The Power of Words
Students will be able to identify the impact that helpful or hurtful language has on others.
- Join the class together in a circle, on the rug or in chairs.
- Tell them that today they will participate in a Personal experience panel.
- Explain that three or four volunteers will describe a time when someone used positive words with them, and a time when someone used mean words with them (no names will be used).
- Share an example of each instance from your own life. For example: "When I was in college a guy in my calculus class said women aren't good at maths, and that really impacted my confidence. I learned to persevere because I love maths, and now I'm a maths teacher."
- Tell students that everyone who isn't speaking should listen to each volunteer on the panel with kind attention.
- Write "Personal Experience Panel" on the board.
- Underneath it, write a list of the following guidelines for the panel:
- Each person has equal time to speak.
- No one interrupts, gives advice, or breaks in with a personal story.
- What is said in the classroom, stays in the classroom.
- Focus on each speaker with eye contact and listening ears.
- Ask for three or four volunteers to come into the centre of the circle to form a smaller circle.
- Explain that they will each have three minutes to share an experience.
- Ask the class to take a few deep breaths into their bellies, and to relax their shoulders and hands.
- Then, have them return to normal breathing and feel their feet in their shoes or on the floor.
- Give each volunteer the following prompt: "Describe a time someone used mean words with you. What was this like? How did you feel?"
- Remind the listeners of the guidelines on the board, and have the volunteers speak one at a time.
- Afterwards, give the next prompt: "Describe a time someone used kind and uplifting words with you. What was this like? How did you feel?"
- Again, remind the class of the guidelines, and have the volunteers speak for three minutes.
- Thank the volunteers, and ask them to return to the larger circle.
- Ask the class, "What was it like to hear your classmates' stories?

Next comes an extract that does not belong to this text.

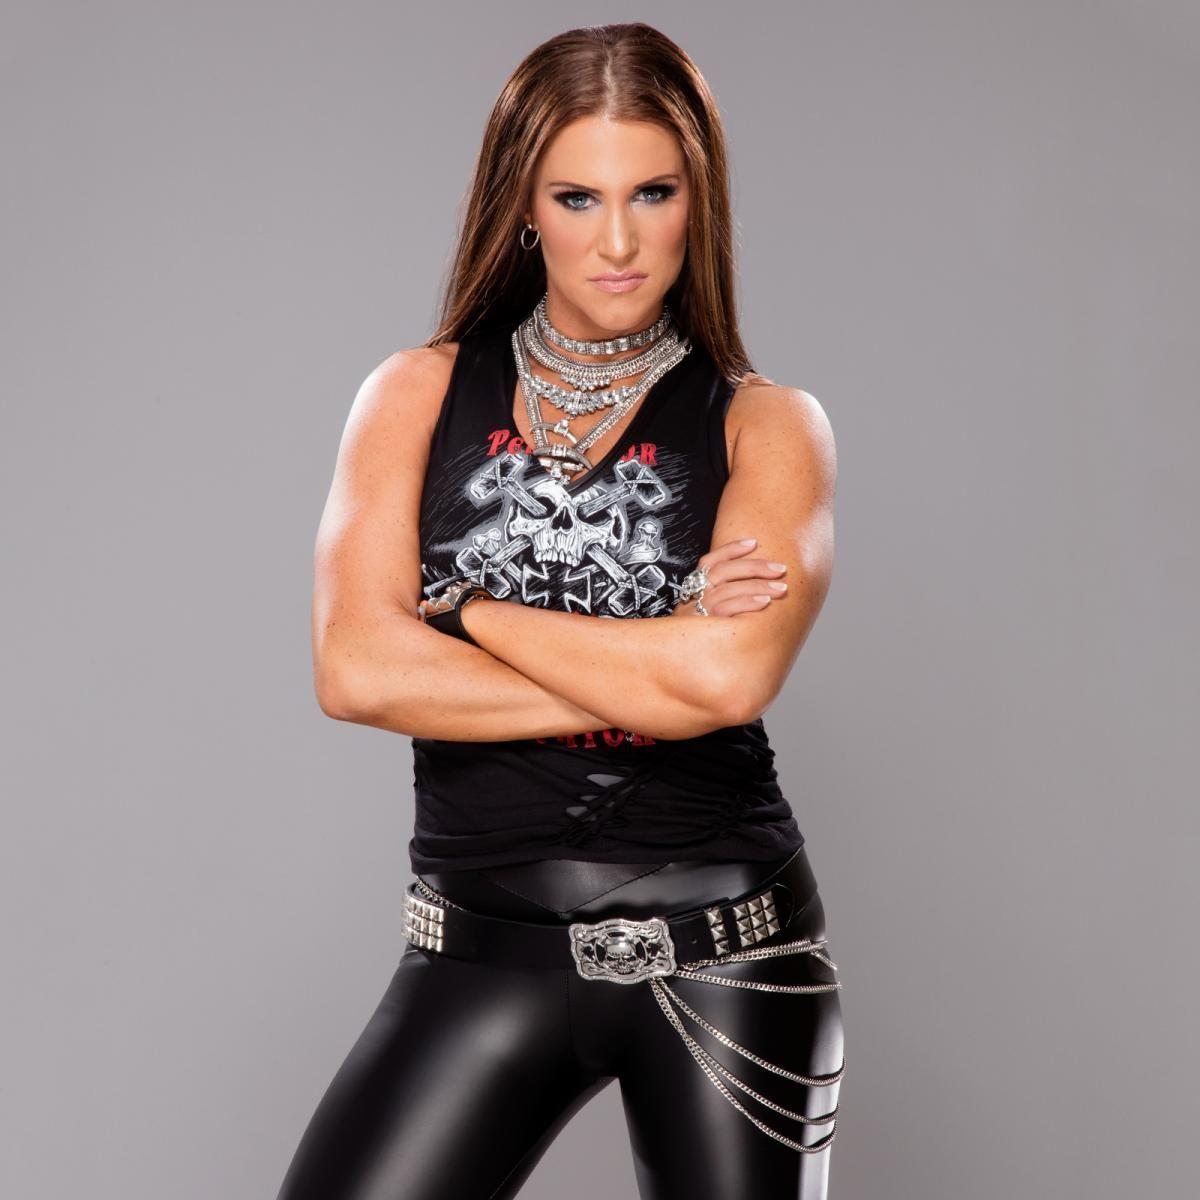 Photos Wrestlemania 33 S Coolest Ring Gear Stephanie Mcmahon

How did their experiences impact them? How can our words impact others and our community?"
- (Note: If a student shares a situation where they have been emotionally abused or inflicted with physical harm, teachers must follow up as they are mandatory reporters.)
Explicit Instruction/Teacher modeling(20 minutes)
- Write the following question on the board: "How do we handle social pressures and unkindness?"
- Ask students to reflect on this prompt in their journals for a couple minutes.
- Then, have them share what they wrote with a partner.
- Facilitate a classroom discussion, with each pair sharing what they talked about. Guide them to reach some agreements about how they can all support each other in acting and speaking in kind ways.
- The following activity is optional:
- Show the class the book Desmond and the Very Mean Word, and tell them that you will be reading it to them.
- Ask students to consider the same question as you read.
- Read through the story, and pause periodically to check for comprehension.
- Ask, "How do we handle social pressures and unkindness?" Write some of the students' answers to the question on the board.
- After reading the story, ask the following questions, one at a time: What happened in the story? How does Father Trevor explain forgiveness? How did Desmond forgive? How do Desmond and the red-haired boy end up showing each other forgiveness and respect? How can people show compassion and respect for one another?
Guided practise(10 minutes)
- Show the class the poster with "Compassion," "Forgiveness," and "Respect" written on top.
- Explain to students that when they are seen demonstrating these three qualities (the teacher or students may see this), their name will be written on the poster.
- Tell the class that they will be drawing a picture from their life or a recent book they've read that reflected compassion, respect, or forgiveness. Their pictures will be placed on the poster. (If your class read Desmond and the Very Mean Word, they can draw a scene from that book that represents compassion, respect, or forgiveness.)
- Pass out the Compassion, Forgiveness, Respect worksheet.
- Read the worksheet's instructions, and model how to complete the activity.
- Ask the students if they have any questions.
Independent working time(25 minutes)
- Have students return to their seats, and work independently to complete the worksheet.
Enrichment:Ask advanced students to write a poem about forgiveness and/or overcoming negativity from others.
Support:Work one-on-one or in small groups to help students complete the worksheet.
- During the independent working time, move through the room and connect one-on-one with as many students as possible.
- Ask them to share when they've seen a classmate practise compassion, forgiveness, and respect, and when they've practiced these three things themselves. As students share, take notes, and try to have every student's name on the poster by the end of the day.
Review and closing(10 minutes)
- Bring the class back together in a circle.
- Show them the Compassion, Forgiveness, Respect poster with everyone's drawings.
- Go around the circle, and ask each student to share one word that is connected to the power of words, forgiveness, and respect.
- Remind students that their names will be placed on the poster when they are demonstrating compassion, forgiveness, or respect.